A. speaks to his mother on the phone and she asks whether, once we get to the starting line, we will actually speak to one another. There was a time when that would have been a quite logical question to ask, and even now she is only half joking.
In the event, we are separated as soon as we start, as I have been running with some consistency over the last year or so while A. has been getting back into full fitness only over the past few months. I set off at my desired pace, and pass the halfway mark in the same time as I ran a 5K race the previous weekend. I watch my split times up until 8K and know that even coasting the final mile or so will bring me a significant personal best, so relax a little and enjoy the last part of the race, enjoy also being back here in one of my favorite London parks.
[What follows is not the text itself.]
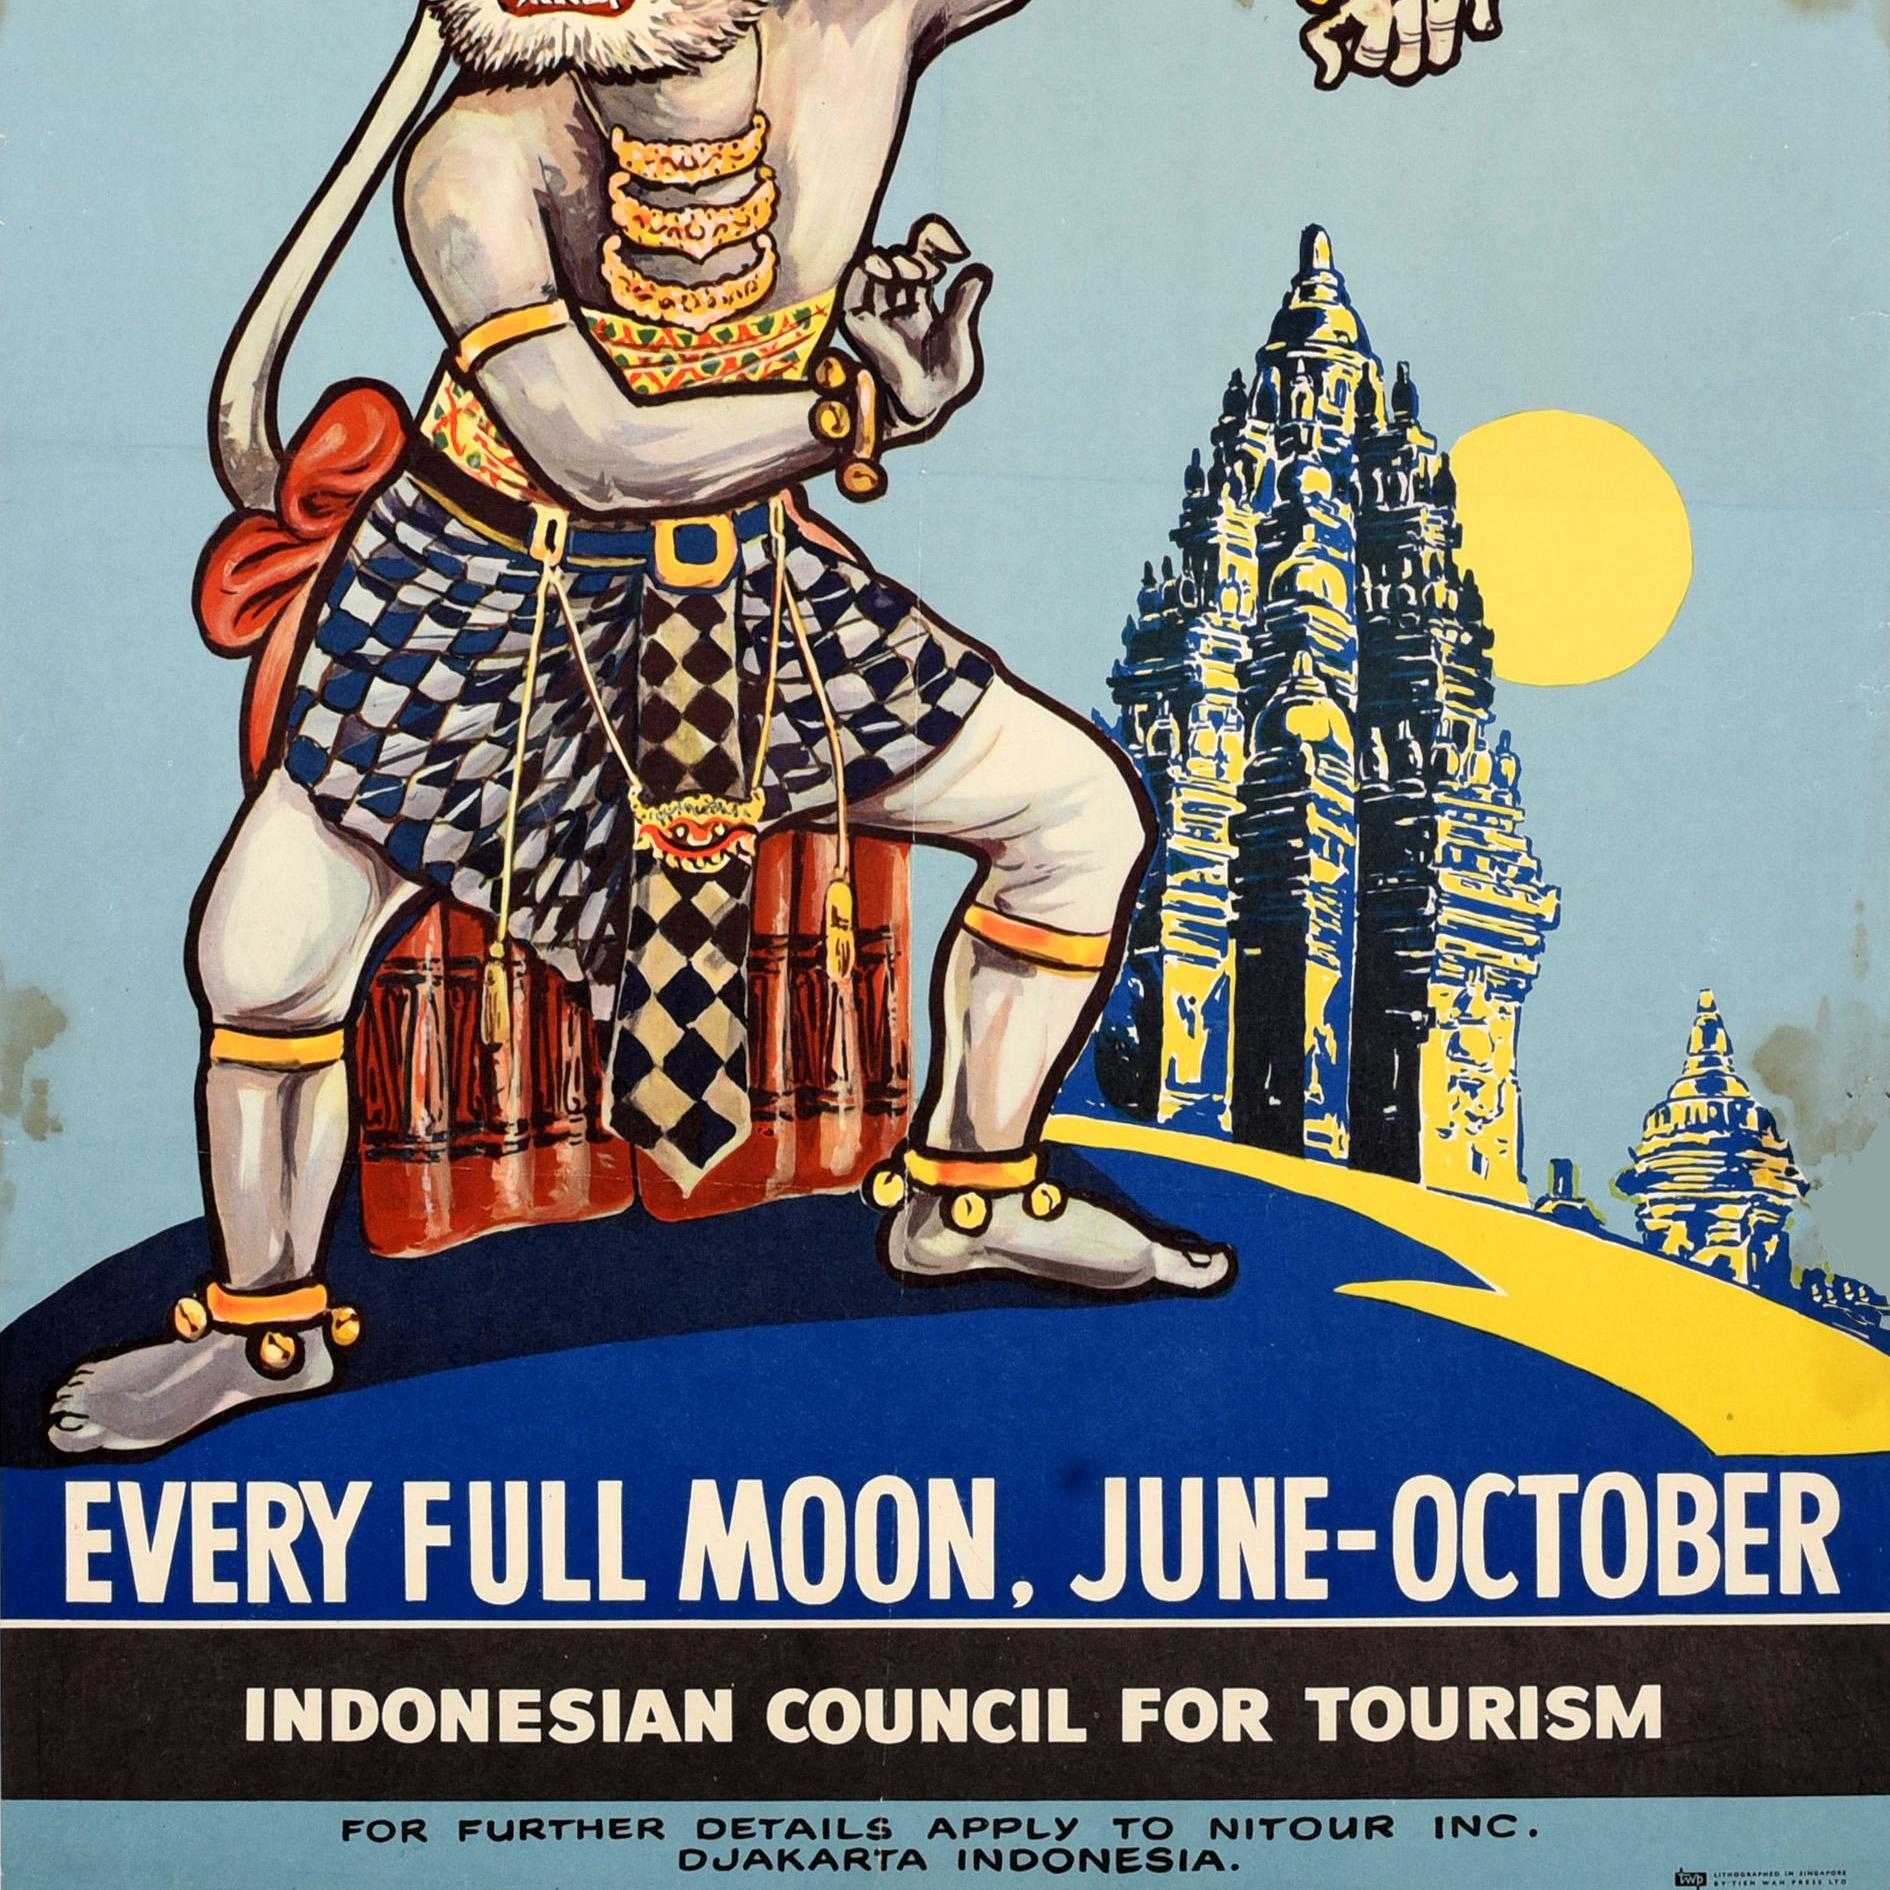 Original-Reise-Werbeplakat für das Ramayana-Ballett-Festival in Indonesien, das jedes Jahr bei Vollmond von Juni bis Oktober stattfindet. Es zeigt eine Tanzaufführung des Affengottes mit einem alten Tempel und einem hellen Mond im Hintergrund. Die

The crowd, such that it exists, comprises the race marshals, some eager girls manning the water table and the occasional dog walker.
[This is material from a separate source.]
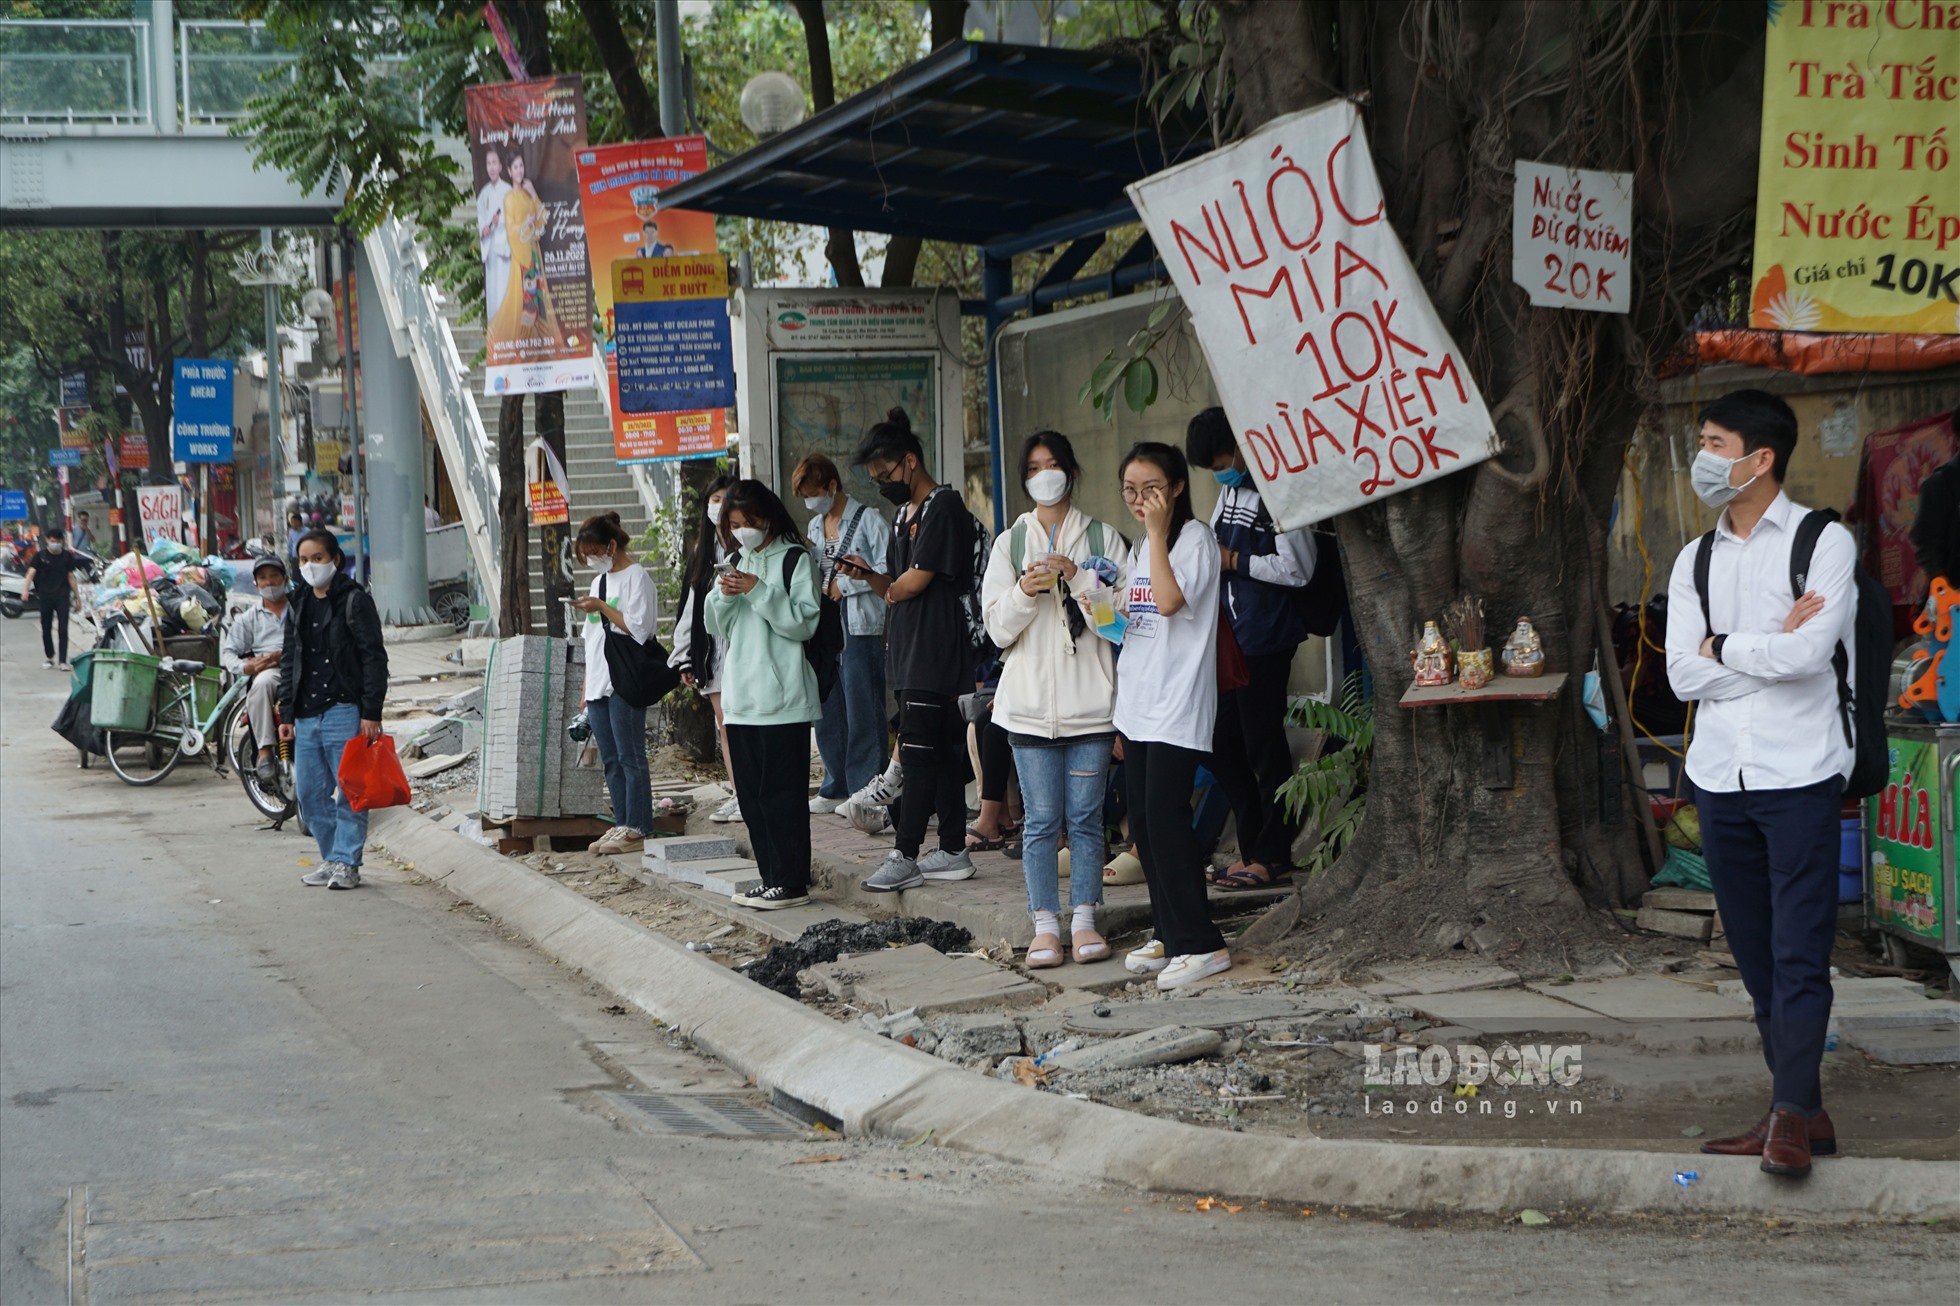 Bạn Ngô Hoàng Ngân, sinh viên năm 3 Học viện Phụ nữ Việt Nam phản ánh, hơn 3 năm sống tại Hà Nội, không ít lần Ngân chứng kiến cảnh đào lên rồi lấp xuống tại các vỉa hè trên nhiều tuyến phố Thủ đô.

I finish in 41:56, a good couple of minutes faster than I've run previously as a veteran - my WAVA is around 72% (your percentage when compared to the world record for your age group, a system designed to allow people of all ages to compete fairly against one another). I walk back up from the funnel to the final approach and see A. running smoothly in, finishing in 44:45. He is both happy to have completed the distance comfortably yet irritated he didn't kick harder towards the end, as he had lost track of just how far there was to go at 9K.
We get changed and walk down to find the rail replacement bus from the deserted heart of the nearby industrial estate. This lies on the edge of the new Olympic Park at Stratford - though I suspect the area in which we're waiting won't be part of the athletes warm-up route, nor indeed will the marathon pass this local landmark.
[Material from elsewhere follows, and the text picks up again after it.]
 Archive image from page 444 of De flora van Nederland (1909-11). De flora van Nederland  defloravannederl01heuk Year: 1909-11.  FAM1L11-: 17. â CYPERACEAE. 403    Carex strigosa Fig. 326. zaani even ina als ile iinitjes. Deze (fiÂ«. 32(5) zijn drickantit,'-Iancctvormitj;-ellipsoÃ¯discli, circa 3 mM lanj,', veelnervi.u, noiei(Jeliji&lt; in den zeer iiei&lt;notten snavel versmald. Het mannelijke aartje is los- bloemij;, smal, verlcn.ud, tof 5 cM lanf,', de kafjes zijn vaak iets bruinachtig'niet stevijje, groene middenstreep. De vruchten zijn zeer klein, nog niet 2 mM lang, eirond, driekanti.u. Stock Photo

Grabbing a coffee before heading in opposite directions we reminisce about growing up as runners; it was an alternative social life for us, separate from school and one that brought together kids who would have not mixed for any other reason. It seems anachronistic to write this, but these were my first catholic friends, my first black friends, my first contact with anyone at a single-sex school and when we travelled for competitions, my first contact with anyone from other parts of the country. It defined us physically also, and still does - we both have resting heart rates of 50bpm, and as great a lung capacity as is possible for our age - and for all we have trained and worked in our respective professions over the years, it may well be that the thing we instinctively know most about is how to run.
Further running things you must read:
Miles to go before I sleep by Joad Raymond
What I Talk About When I Talk About Running by Haruki Murakami
Coda: Just received text from race organizers, 101st, 12th in my age group.